A mid-size enterprise came to us with a clear mandate:

- Employees need a ChatGPT-like interface for daily work - Zero data can leave company infrastructure - No third-party API calls — not OpenAI, not Anthropic, nothing - Must work with their existing SSO and access controls - Audit logs for every conversation - IT must be able to monitor usage without reading content

This ruled out every hosted AI solution on the market. We needed to run the entire stack — model included — on their servers.

Choosing the model

We evaluated several open-weight models for self-hosting: Llama, Mistral, and a few others. The selection criteria weren't just about benchmark scores. We needed:

- Good performance on business writing, summarization, and code review (their top use cases) - Reasonable hardware requirements — they weren't going to buy a cluster of A100s - A license that allows commercial internal use - Active community and regular updates

We went with a Llama variant running through Ollama for model management. It gave us the best balance of quality, resource efficiency, and ease of deployment. The model runs on two GPUs that fit within their existing server infrastructure.

The architecture

The stack is straightforward by design — complexity is the enemy of security audits.

Frontend: A clean chat interface built with Next.js, styled to match their internal tools. Supports markdown, code highlighting, and file uploads (for document Q&A).

Backend: A NestJS API layer that handles authentication (plugs into their existing SAML SSO), conversation management, and audit logging.

Model layer: Ollama running the LLM on dedicated GPU servers within their private cloud. The API layer talks to Ollama over an internal network — no external traffic.

Storage: All conversations stored in their existing PostgreSQL cluster. Encrypted at rest. Retention policies controlled by IT.

The entire system runs in a Docker Compose stack that their DevOps team can manage with their existing tooling. No exotic infrastructure. No Kubernetes cluster. Just containers on servers they already own.

What surprised us

The biggest challenge wasn't technical — it was adoption.
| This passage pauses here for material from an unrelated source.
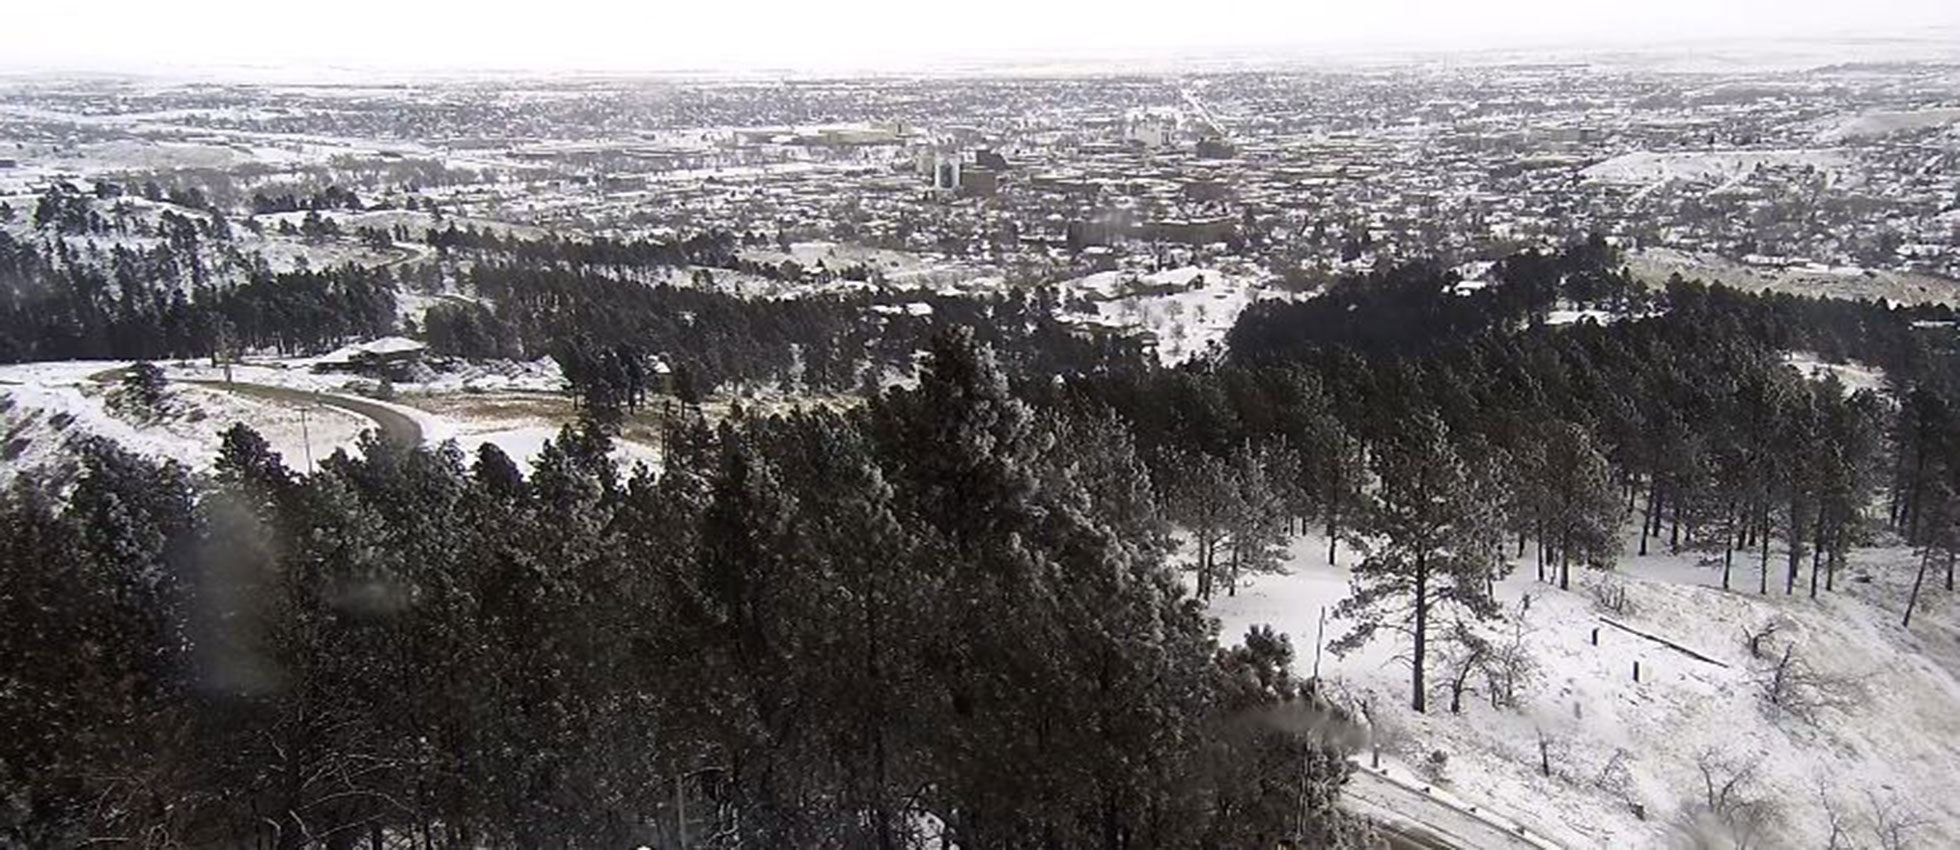 Rapid City Skycam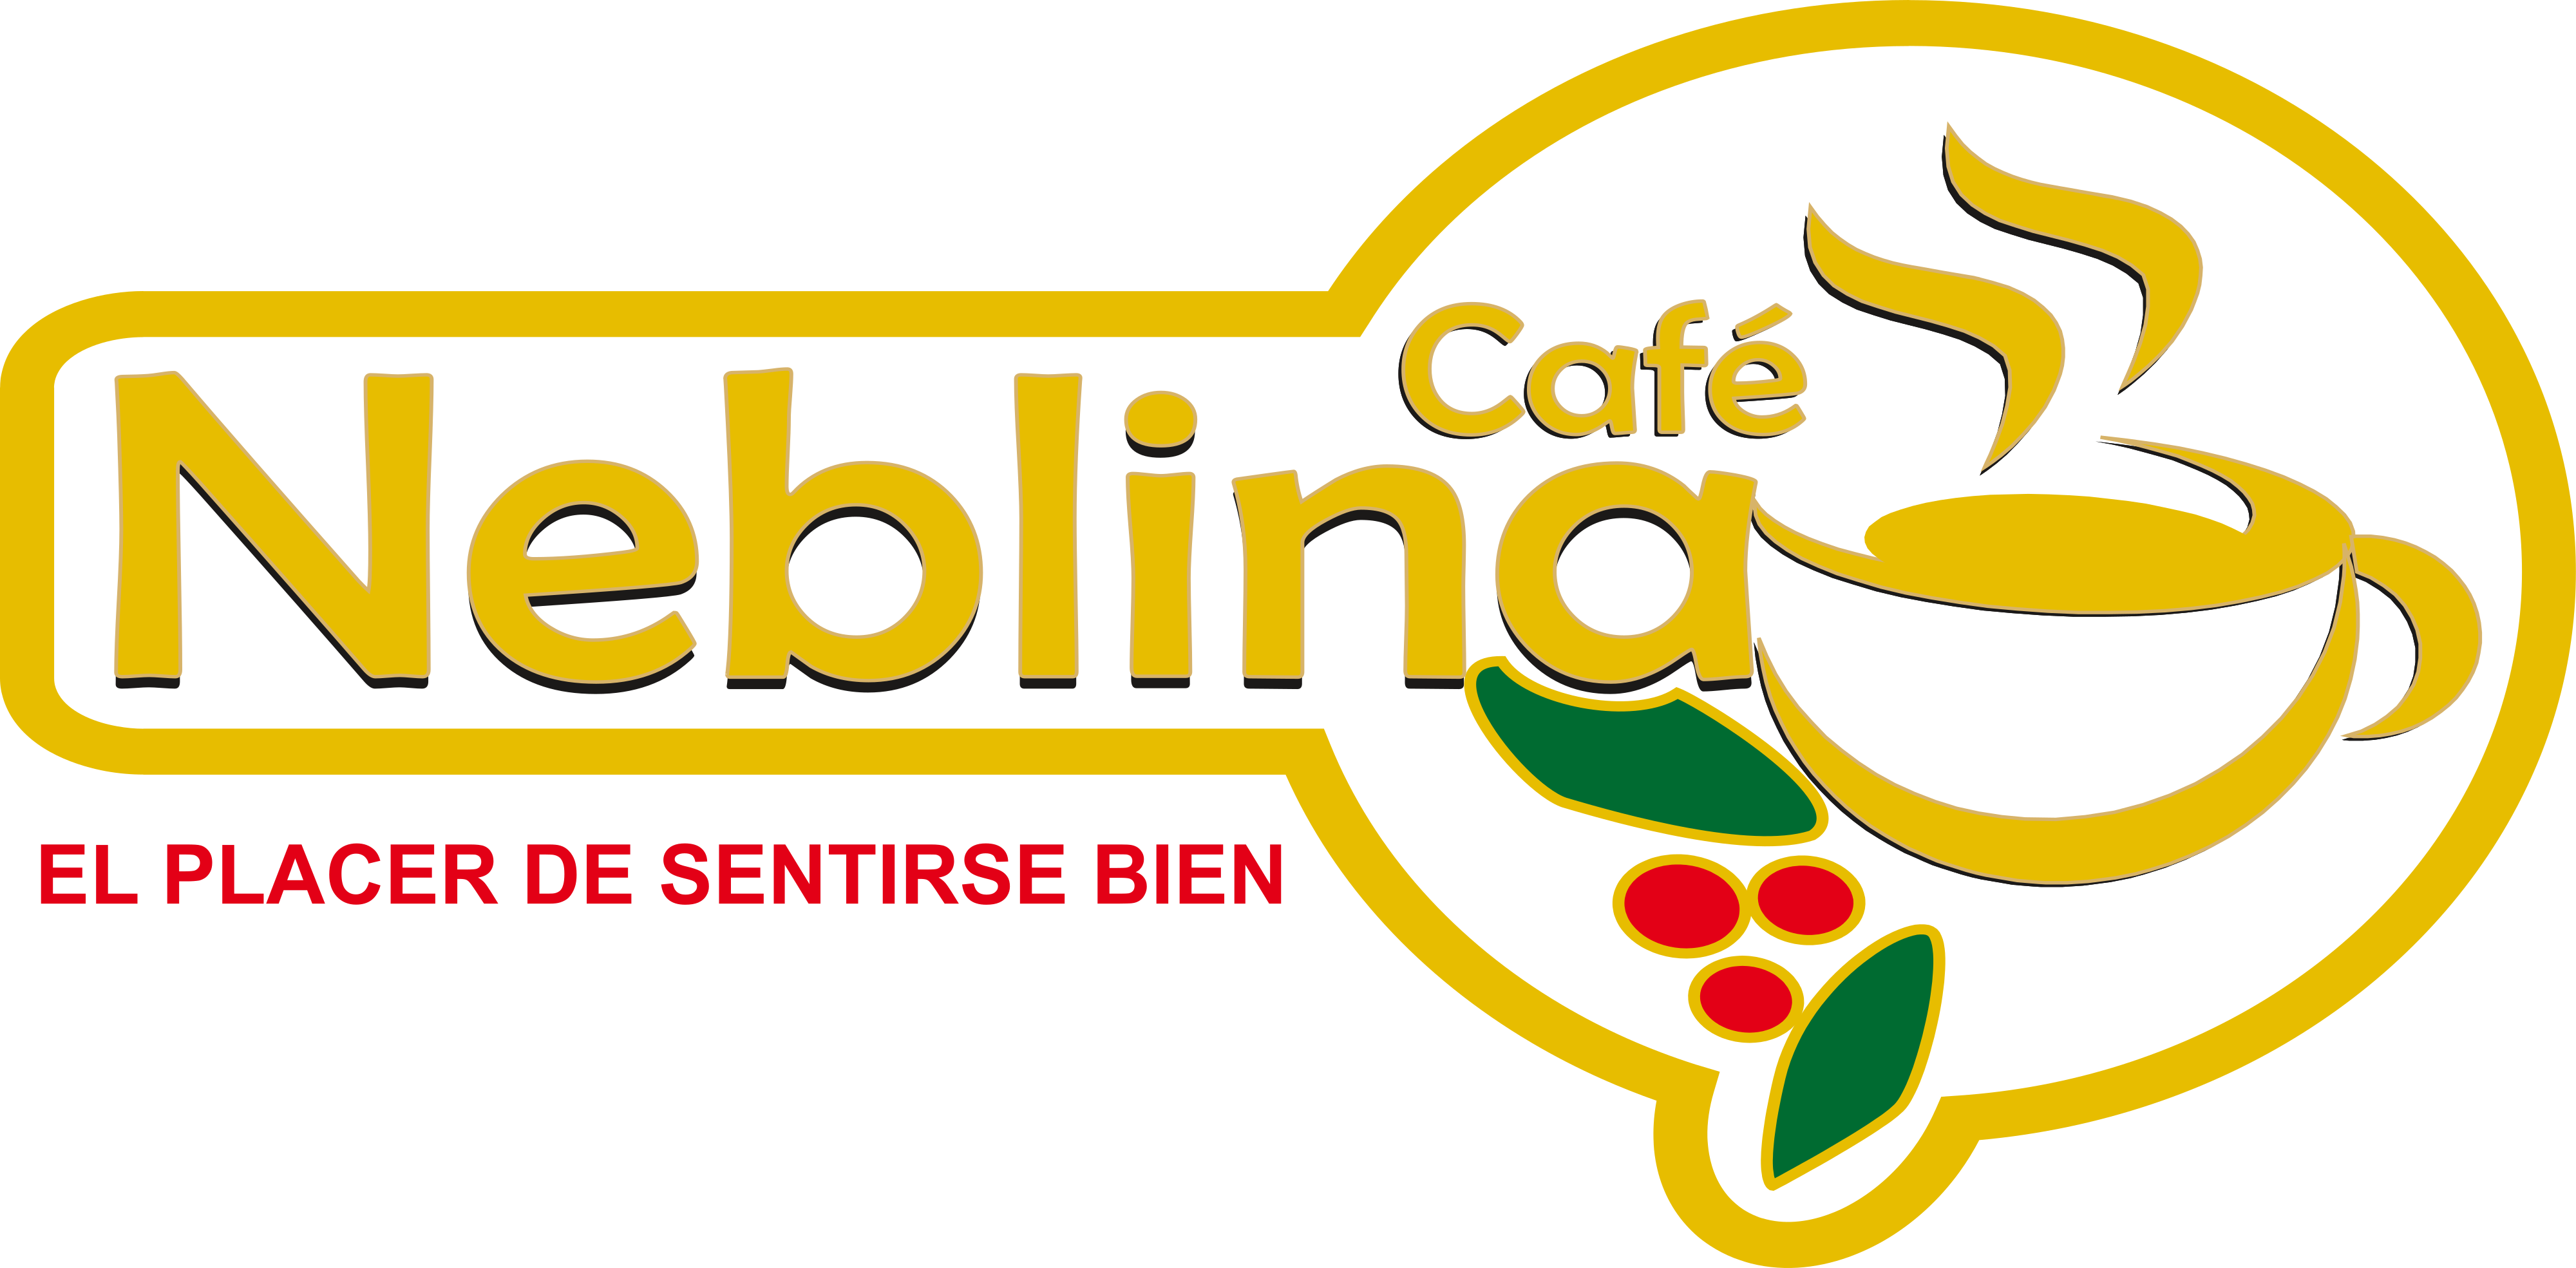 Café Neblina

We built the system, deployed it, and usage was... low. People had gotten used to ChatGPT's speed and polish. A self-hosted model on modest hardware is slower. The responses are good but not identical to GPT-4.

What turned it around:

- We added system prompts tailored to each department. The finance team's instance knows their reporting formats. The legal team's instance understands their contract templates. Generic AI is decent at everything. Specialized AI is great at the things that matter. - We built a shared prompt library so teams could save and share effective prompts - We added document context — users can upload internal documents and ask questions about them, which is something they couldn't do safely with external AI

Usage tripled within a month of these changes.

The compliance win

The security audit went smoothly because we designed for it from the start. Every conversation is logged. Every user authenticates through SSO. Network traffic stays internal. The compliance team can verify this independently — they don't have to trust us.
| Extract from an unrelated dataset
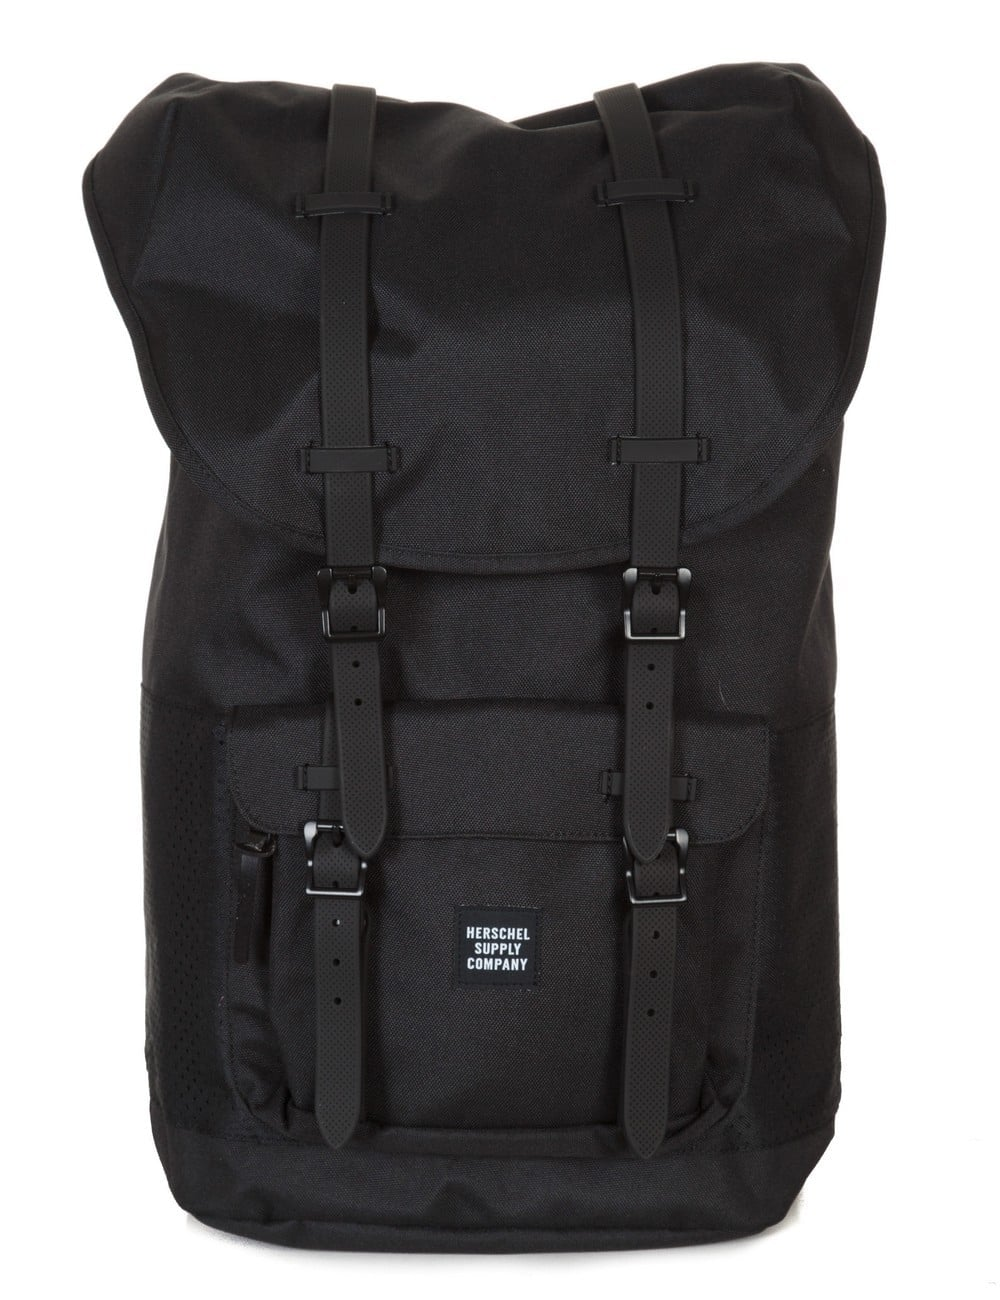 buy official site huge discount Herschel Supply Co Little America 25L Backpack - Black/Black ...

The client's CISO told us this was the first AI project that didn't give them a headache. That might be the best compliment we've gotten.

For companies stuck between "AI would help" and "compliance says no" — the answer isn't to wait for the hosted providers to solve your compliance problems. The answer is to bring the model in-house and own the entire stack. It's more work upfront, but it's the only approach that actually satisfies both sides.